„Mam na swoim koncie zwycięstwa w starciach ze Steffi Graf. Numer 1 jest niezły, ale najważniejsze są turnieje wielkoszlemowe” – kiedy Martina Navratilova przegrała na koniec roku z Niemką
Martina Navratilova szczerze wspomniała kiedyś o swoich uczuciach związanych z utratą pierwszego miejsca w światowym rankingu na koniec roku na rzecz Steffi Graf.
W 1987 roku 18-letni Graf zakończył pięcioletnie panowanie Navratilovej jako numer 1 na świecie na koniec roku, zapewniając sobie czołowe miejsce przed mistrzostwami Virginia Slims, obecnie znanymi jako finały WTA.
Niemiec zaliczył niezwykły sezon, wygrywając 10 z 12 turniejów. Wywalczyła także swój pierwszy tytuł Wielkiego Szlema podczas French Open, pokonując w finale Navratilovą. Niemka może pochwalić się imponującym bilansem zwycięstw/porażek w sezonie 71-2, a jej jedyne dwie porażki miały miejsce w finałach Mistrzostw Wimbledonu oraz US Open, oba z Navratilovą.
Pomimo wyjątkowego sezonu Steffi Graf Martina Navratilova upierała się, że nie zamieniłaby swojego sezonu na sezon Niemki, powołując się na swój ówczesny rekord zwycięstw nad Grafem 7:3.
Podkreśliła również, że choć bycie numerem 1 na świecie było godnym pochwały osiągnięciem, nadal skupiała się na zapewnieniu zwycięstw w Wielkim Szlemie oraz mistrzostwa na koniec roku.

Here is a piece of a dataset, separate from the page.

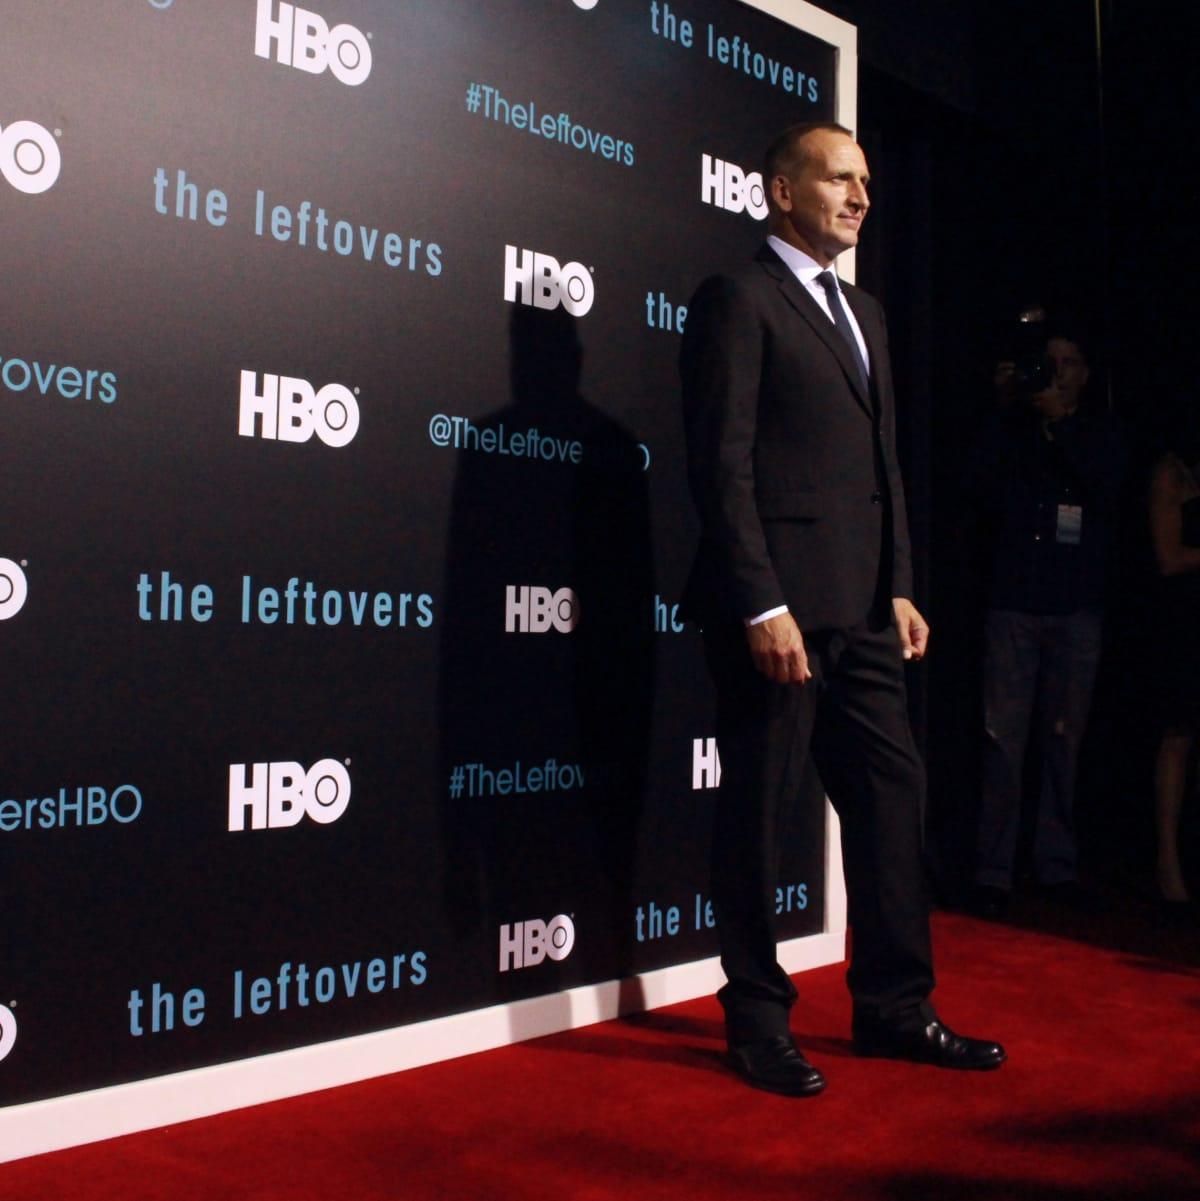 The Leftovers HBO Season 2 red carpet premiere Christopher Eccleston October 2015
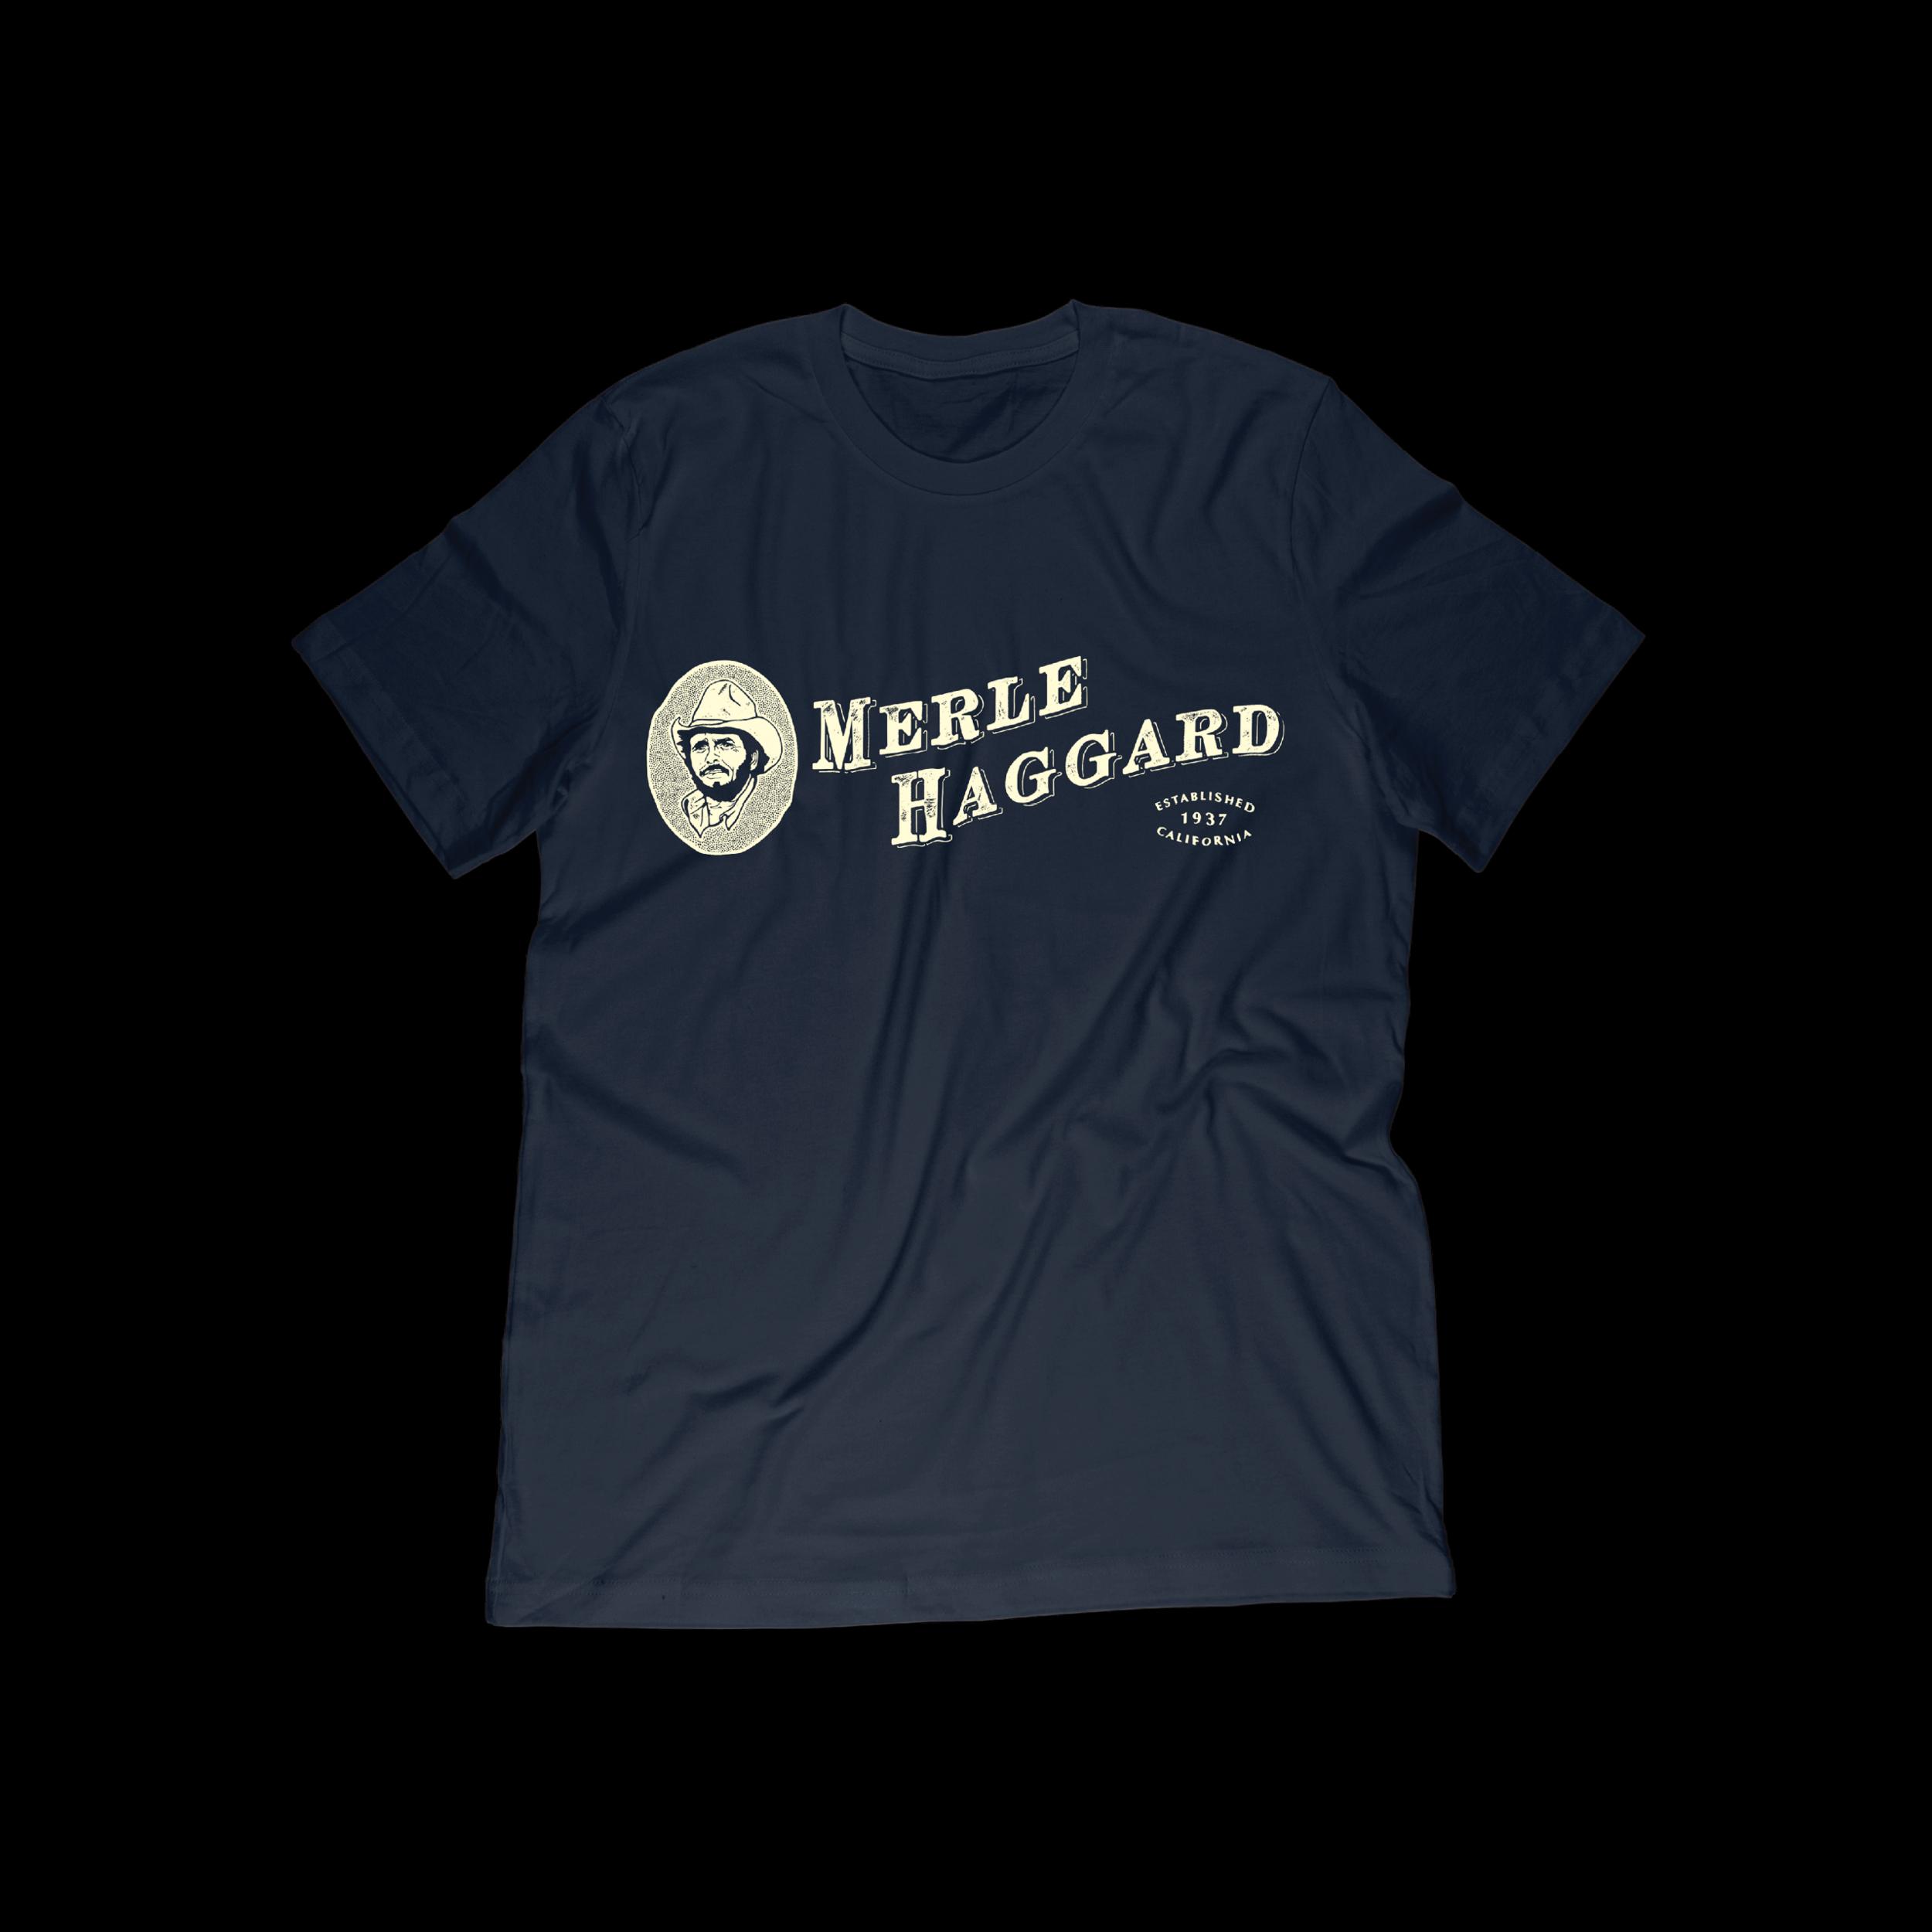 MerleHaggard-MockUps-0527194.png

„Bez względu na rankingi i komputer. Mam rekord zwycięstw przeciwko Steffi. Numer jeden jest fajny, ale na dłuższą metę na tym etapie mojej kariery najbardziej liczą się dla mnie mistrzostwa Wielkiego Szlema i Slimsa” – powiedziała (za pośrednictwem New York Times).
Jednak Navratilova zasugerowała również, że triumf nad Niemką na Mistrzostwach Virginia Slims może potencjalnie uczynić ją numerem 1 na świecie w oczach opinii publicznej, biorąc pod uwagę zacięty wyścig między nimi.
„Ale jeśli pokonam Steffi tutaj, w Nowym Jorku. wtedy opinia publiczna mogłaby poczuć, że jestem numerem 1. W tym roku wyścig jest dość zacięty, przypadek ekstremalny” – dodała.
Amerykanka z Czech stwierdziła ponadto, że nadal jest lepszą zawodniczką niż Steffi Graf. Chociaż przyznała, że Niemka ma niezwyciężoną aurę, która budziła strach u jej przeciwników, podkreśliła także swoją własną, trwałą obecność konkurencyjną na trasie.
„Myślę, że nadal jestem lepszy od Steffi. W tej chwili roztacza się wokół niej aura niezwyciężoności. Ludzie się jej boją, pytając: „Ile meczów dzisiaj wygram?” – powiedziała.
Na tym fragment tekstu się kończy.